Hi im looking for some advice. We have a beautiful 11 week old pup called ernie. We absolutely adore him but his biting is unbelievable  he will start playing lovely then just geta so out of hand that nothing snaps him out of it. He goes for feet, shoes and trouser legs and once he has hold he just wont let go. We have treats on us all the time and toys to get his attention off of us but it very rarely works. If we leave the room he will bark constantly and will not stop until we go back in. He has a crate and has slept in there from the day we got him, and toilet training is pretty much done. He goes to the back door for us to let him out. Im just a bit stuck on what else i can try. Any advice welcome!


----------



## Huggytree (Apr 21, 2020)

Ours was a horrible nipper too. He was out of control with my youngest daughter. When he’d bite we’d hold his mouth closed and say no bite. After a couple of months one day it just stopped. He grew out of it. It’s a stage. He seemed to go after the smaller kids vs adults w this issue. Maybe figuring out where he belonged in the pecking order?

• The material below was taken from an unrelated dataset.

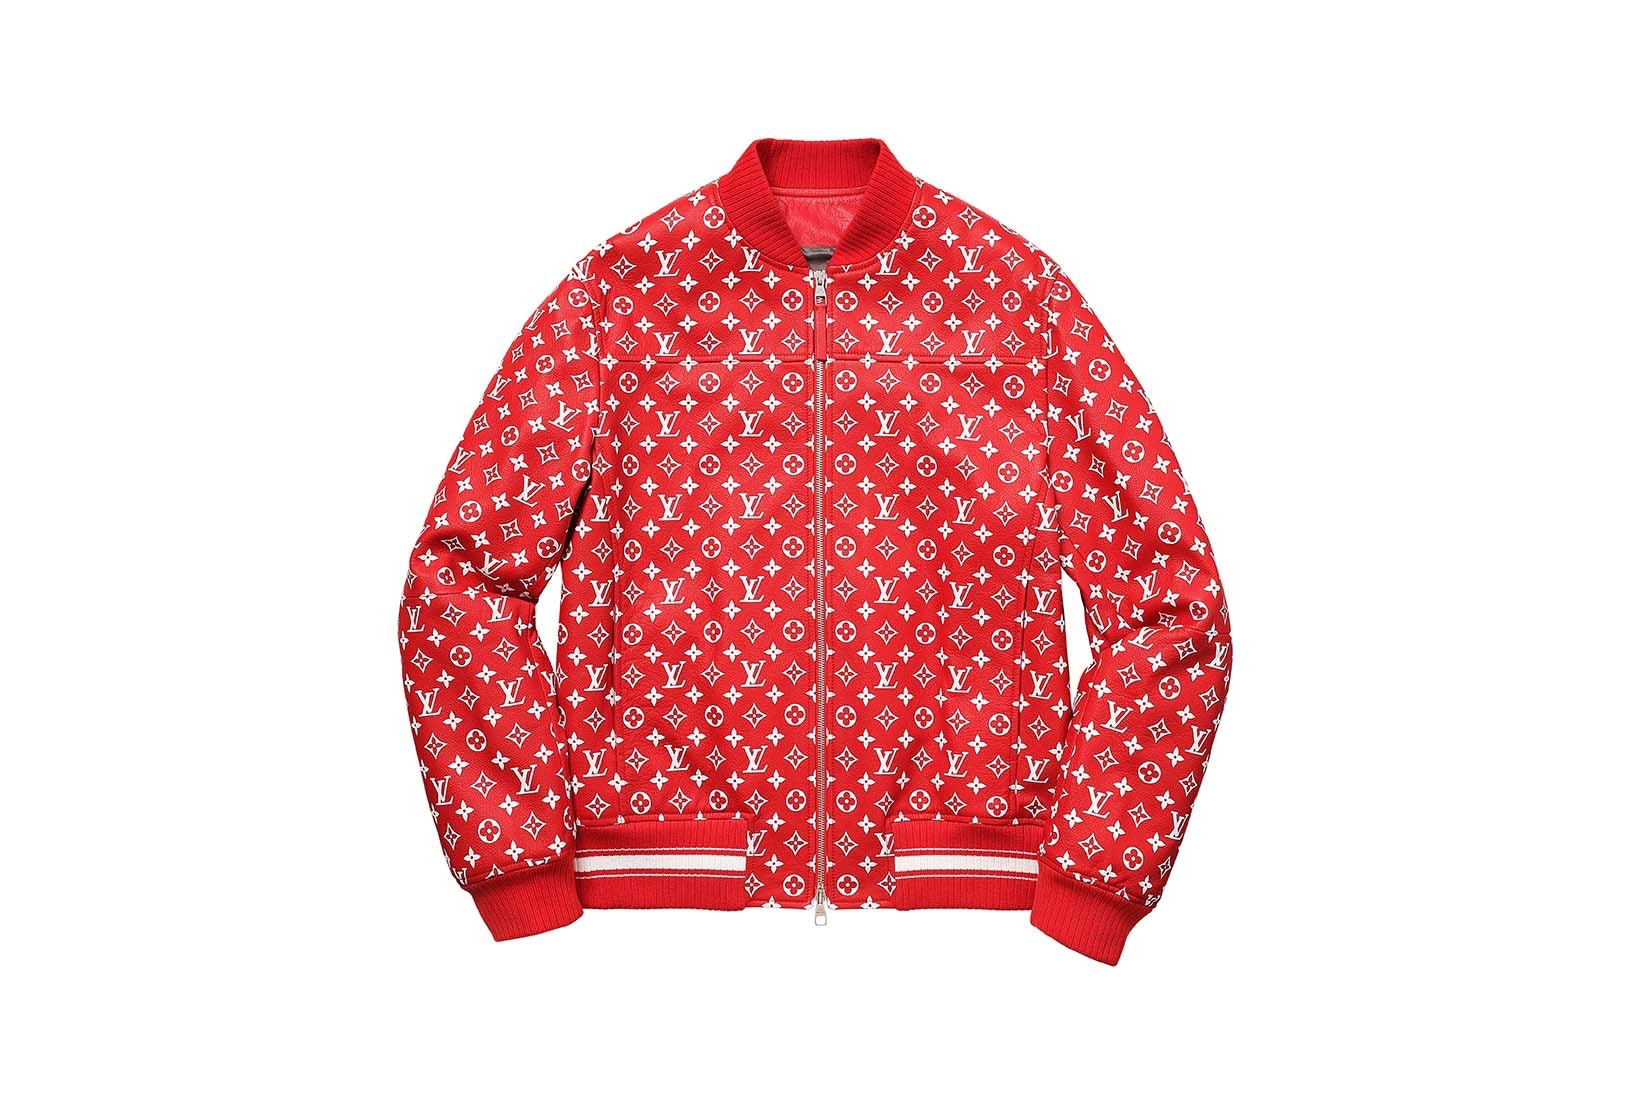 Supreme(シュプリーム)×Louis Vuitton(ルイ・ヴィトン) / レザー ベースボール ジャケット(Leather Baseball Jacket)

this phase was significantly worse with our V than our last German shepherd, so maybe it’s part of the breed


----------



## shaunag (May 17, 2020)

Our female V was the same way. She is 3 years old now. We have a 12 week old male V now as well and he is not near as bad as she was. They are a very mouthy breed...mine always want to have something in their mouth as puppies. I agree it's a stage..but my female got much worse with biting when she was overly tired or stimulated. She had a really hard time calming herself down. i would have to lay with her and make her settle until she calmed down..which didn't bother me😊 Truly in love my V's good luck!


----------



## epecorin (Jul 4, 2015)

Our first Vizsla was a bad. He would tear my husbands sweatshirts. He was also a digger. Our backyard looked like a moonscape. He tore out all my rose bushes! Our second V was not nearly as bad. Like the previous comment says, they are very mouthy dogs. As both of mine got older, I could stick my hand in their mouth with no fear of being bitten. I know its tough, but he will grow out of it. Hang in there.


----------



## gunnr (Aug 14, 2009)

Finn was absolutely horrible!!! The worst of all the V's I've owned. My hands and wrists looked like I dragged them through barbed wire some days. Thankfully he just sort of got over it. There times I thought thatI was going to have buy a soft muzzle!
Now he does "grab" occasionally, which is still very much unacceptable, and were working on it with him. The "grabby" part is also inhibiting his finish to retrieve, He likes to "wrestle" with the retrieve at the hand, but we'll sort that out on the training table. That's a big fault for a hunting dog, so it has to stop.
A dog should never put it's teeth on a person, or jump up, in my opinion.


----------



## Carly85 (Jun 4, 2020)

Thankyou for the replies, i thought it was just ernie! Hes the most adorable dog and loves to have a cuddle 🥰 we are also working on the jumping up all the time. Thankyou 😊


----------



## Huggytree (Apr 21, 2020)

To stop jumping say down or off and spray him in the face w a water bottle . Works pretty good. Mine likes to jump
Counters still. So expect it for many many more months


----------



## PhilipL (Sep 28, 2018)

The well known Vizsla 'sharkies', your pup should grow out of this stage eventually, my boy Rafa stopped I think around the 16 weeks to 20 weeks old time. Never drew blood, but those nips! Our breeder told us to expect them as a young pup and that it is their puppy way of communicating with their litter mates.


----------